US Treasury warns of hung parliament

SterlingImage source, Getty Images

So the US Treasury has noticed there is a general election happening in Britain. This is what a report sent yesterday to Congress said about us:

"The potential for difficult coalition talks, and subsequently the design and implementation of economic policy, is broadly perceived as a material downside risk for businesses and investors".

Or as I mentioned earlier this week, sterling will continue to take the strain (the pound will fall) if investors become more concerned that weak and directionless government will be the consequence of the poll on 7 May.

Broadly, however, the US Treasury paints a positive picture of trends in the British economy - except for the widening to a record level in the current account deficit, the huge imbalance between the money we make from the rest of the world and what we pay the rest of the world (which I've been banging on about for many months).

However, although our deficit may be bad and unsustainable for us, it is imbalances in the other direction - the surpluses of Germany and China - that are of far greater concern in Washington.

Perhaps its big message is that "the global economy should not again rely on the United States to be the only engine of demand" and that "doing so will not lead to a pattern of strong, sustainable and balanced global growth, the very aim of the G20".

It is highly critical of Germany, China, Japan and Korea (in that order) for generating huge current account surpluses (or in the case of Japan, being likely to do so again, thanks to the falling oil price) due to their reliance for growth on exports, rather than domestic consumption and investment.

In other words, it implicitly accuses them of yet again exporting big debts to the rest of the world, to deficit countries like the UK and the US. And you'll recall it was the many years of such global imbalances in the boom years that pumped up debts in much of the west and that in turn was an important cause of the great 2008 crash and recession.
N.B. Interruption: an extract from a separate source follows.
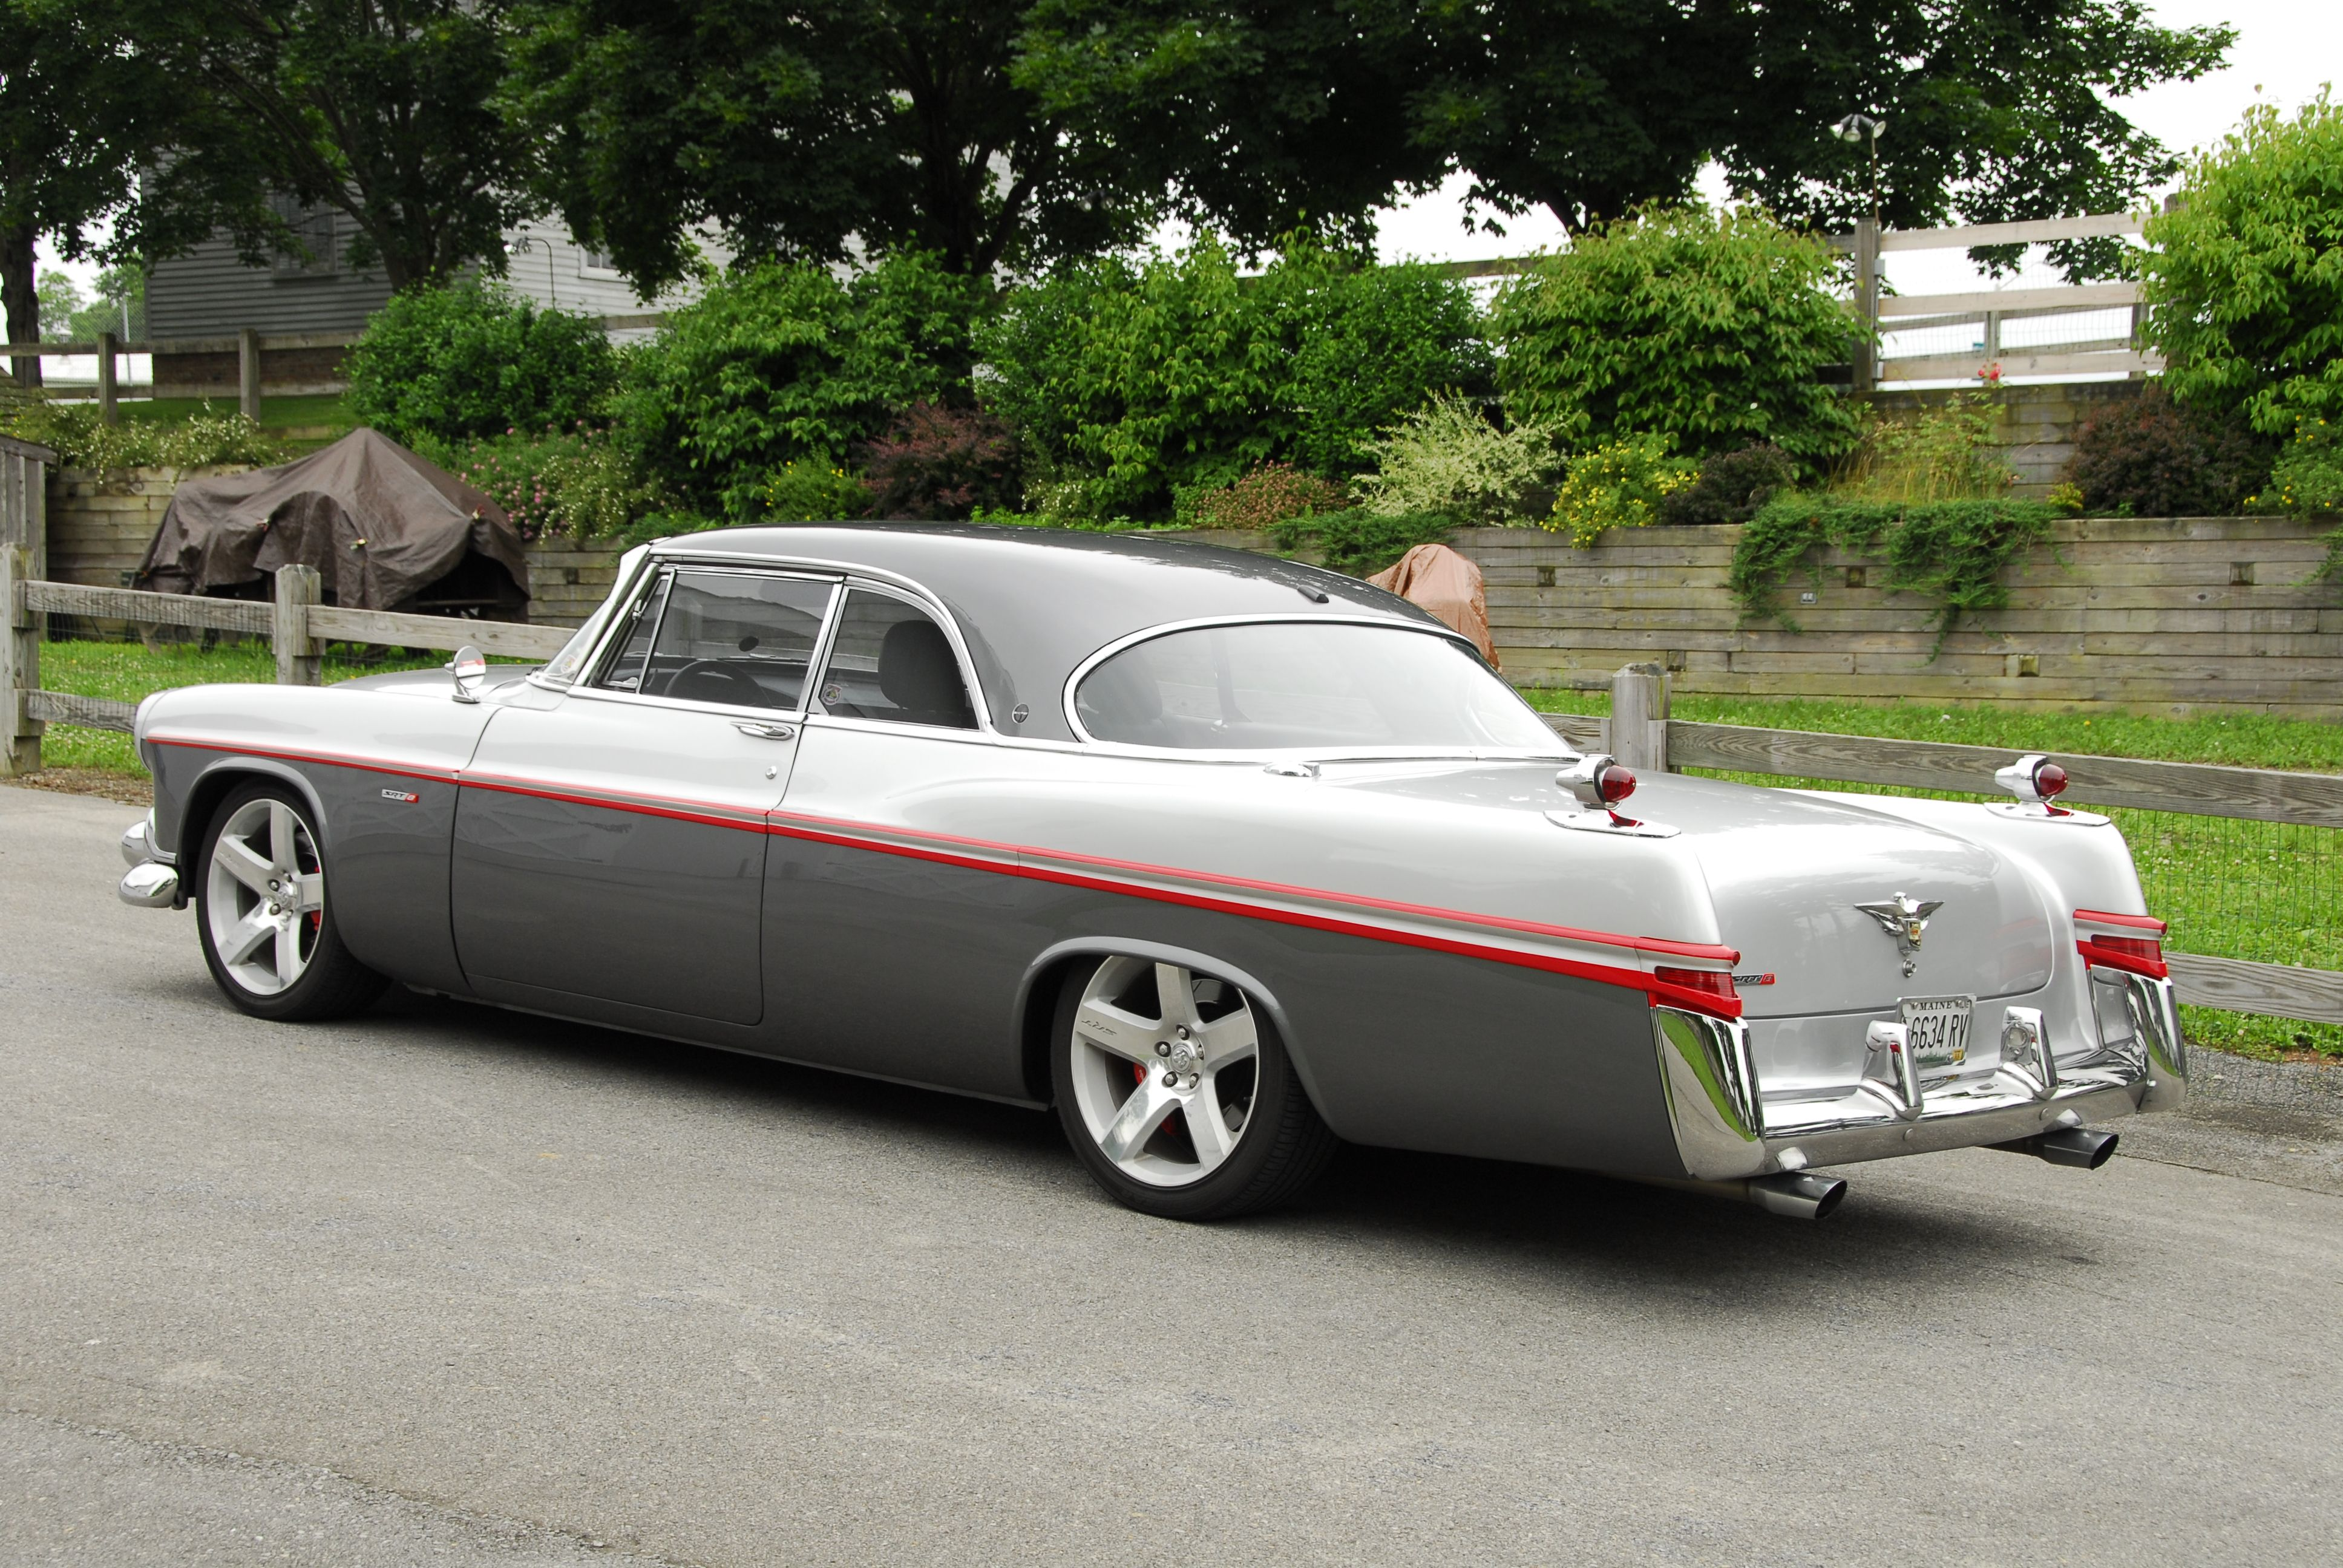 Paul White 1958 Chrysler Imperial Hot Rod Network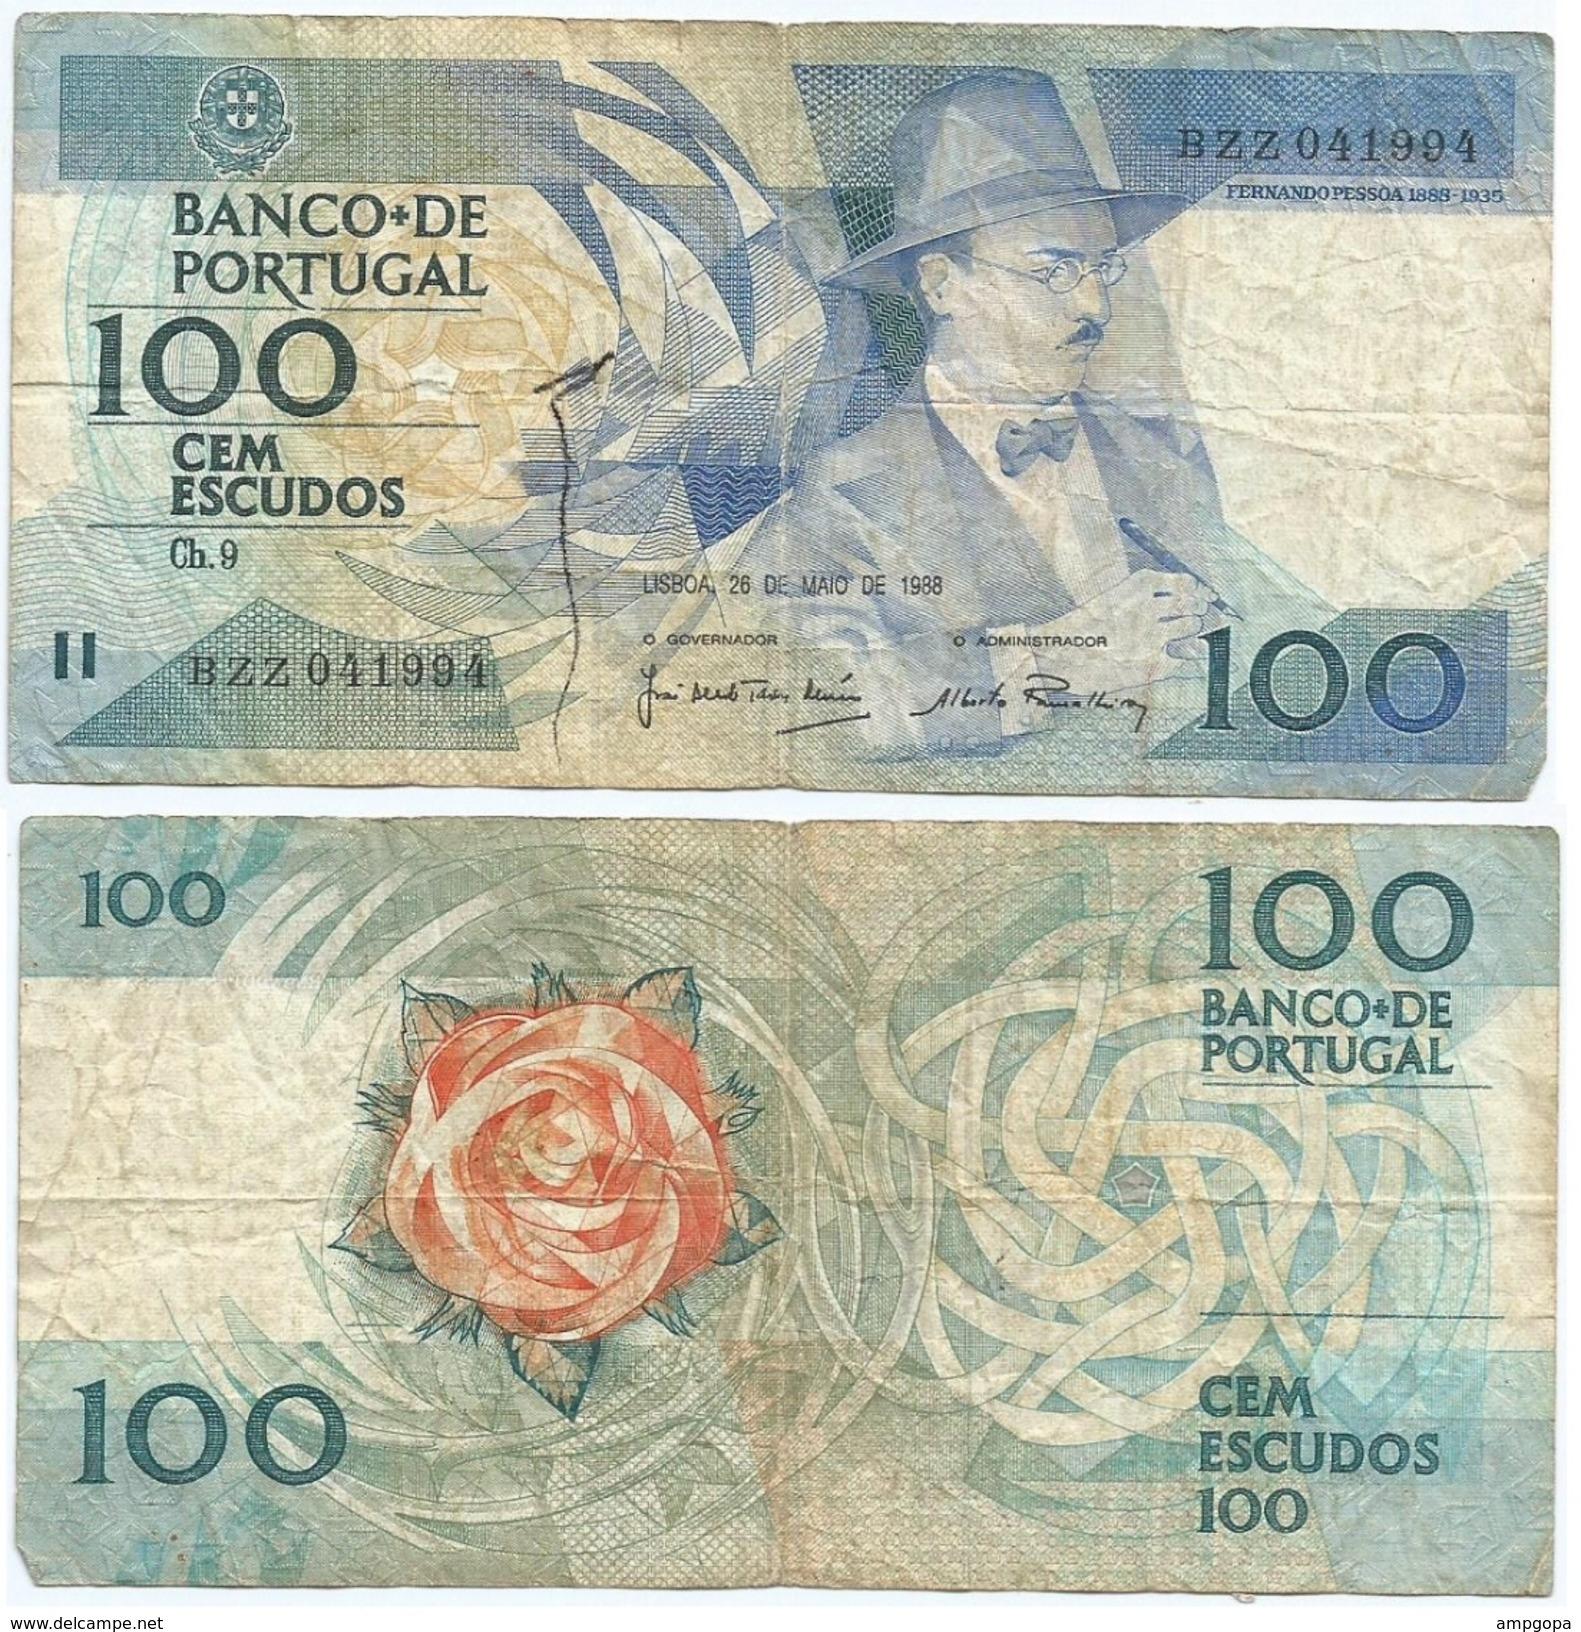 Portugal 100 Escudos 26-05-1988 Pick 179.e.5 Ref 645 - Portugal

Here is what the Treasury says about Germany:

"The Netherlands and Germany have continued to run very large current account surpluses since 2011, with Germany's surplus growing to an unprecedented 7.8% of GDP in 2014 ($300bn) with oil prices pushing this higher".

In fact, it calculates that Germany's surplus could be $30bn higher this year simply as a direct consequence of the falling oil price and its reduced outlay on imported energy.

Germany's huge surplus isn't just dangerous for the way it creates analogous deficits in countries such as the UK and US. It is also associated with the failure of the eurozone to emerge from its long years of slump.

The Treasury points out that domestic demand in Germany last year rose "only" 1.3%. And it argues that "key to the adjustment process" in the eurozone is "achieving stronger domestic demand growth", that "reducing stubbornly high unemployment will not be possible otherwise" and "achieving sustainable public finance will be more difficult as well".

Strikingly, this argument, that Germany's obsession with generating surpluses and refusal to stimulate domestic expenditure is needlessly and dangerously holding back recovery in the rest of the eurozone, was also made yesterday, external by the world's only celebrity finance minister, Greece's Yanis Varoufakis.

History probably shows, however, that Mrs Merkel is probably no more likely to take instruction on sound economics from a rich deficit country like America than one on the brink of collapse like Greece.